On 5/5/2010 1:10 PM, Louis-David Mitterrand wrote:
> On Wed, May 05, 2010 at 07:00:37PM +0200, Laurent CARON wrote:
>   
>> Hi,
>>
>> I'm basically trying to protect my users from the following:
>>
>> Spam 
>> - Sent from accounts hosted on freemail providers (yahoo, ...)

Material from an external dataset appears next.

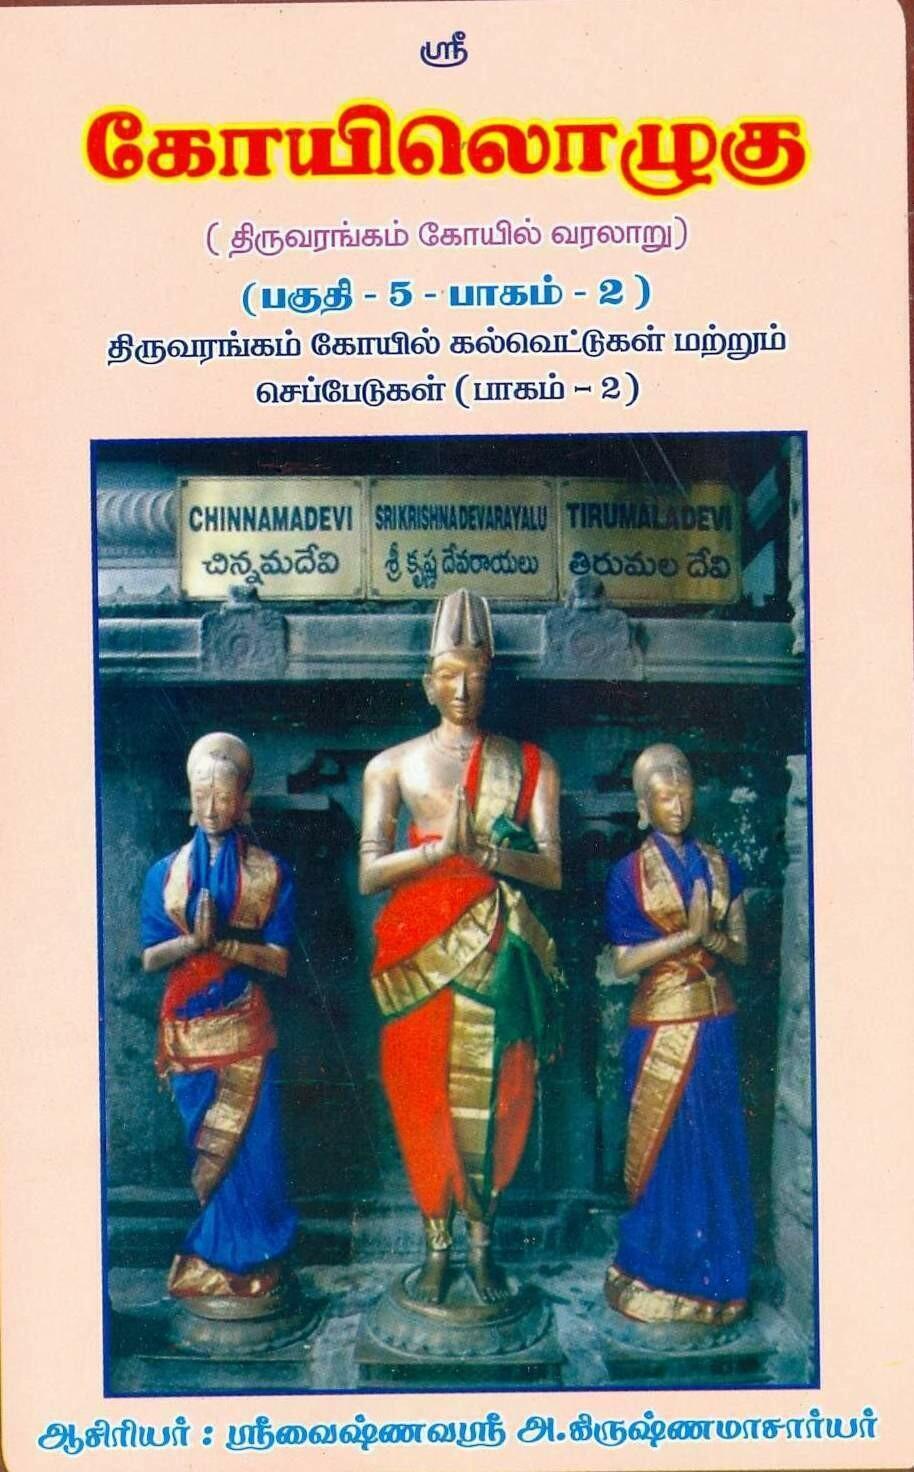 E Book Koil Ozhugu / Koilozhugu 5 - Vol 2 ; Srirangam Inscriptions number 283 - 644, கோயில் ஒழுகு பாகம் 5, பகுதி 2 கல்வெட்டுப் பகுதி

>> - Originating from AfriNIC ranges
>> - Tergetted at several dozen of users
>>
>> The headers look like this:
>> Received: from [41.207.213.162] by web1104.biz.mail.sk1.yahoo.com via HTTP; 
>> Tue, 04 May 2010 14:44:20 PDT
>>
>>
>> It is fairly trivial to block suck things via a header access map
>>
>> if
>> /^(Received|X-((Origin(ating)?|Client|MDRemote|Sender)-?IP|(Client|Remote_)Addr|PHP-Script)):/
>> /\b(41\.\d+\.\d+\.\d+)\b/ REJECT regional junk 001 #Africa
>> endif
>>
>> Some of my users receive a few legitimate emails from Africa.
>>     
> You could try this in /etc/postfis/header_checks
>
> if 
> /^(Received|X-((Origin(ating)?|Client|MDRemote|Sender)-?IP|(Client|Remote_)Addr|PHP-Script)):/
>       if 
> !/^(X-Original-)?To:[...@]*(africanspamlover1|africanspamlover2|etc..)@/
>               /\b(41\.1(6\d|7[0-5])\.\d+\.\d+)\b/ REJECT african spam rule 1
>               /\b(41\.3(6\d|7[0-5])\.\d+\.\d+)\b/ REJECT african spam rule 2
>               .. and all other rules ...
>       endif
> endif
>
>   

This will not work.
Postfix analyzes headers one at a time.
You cannot check multiple headers at once in header_checks.
You need a milter or other filter to do that.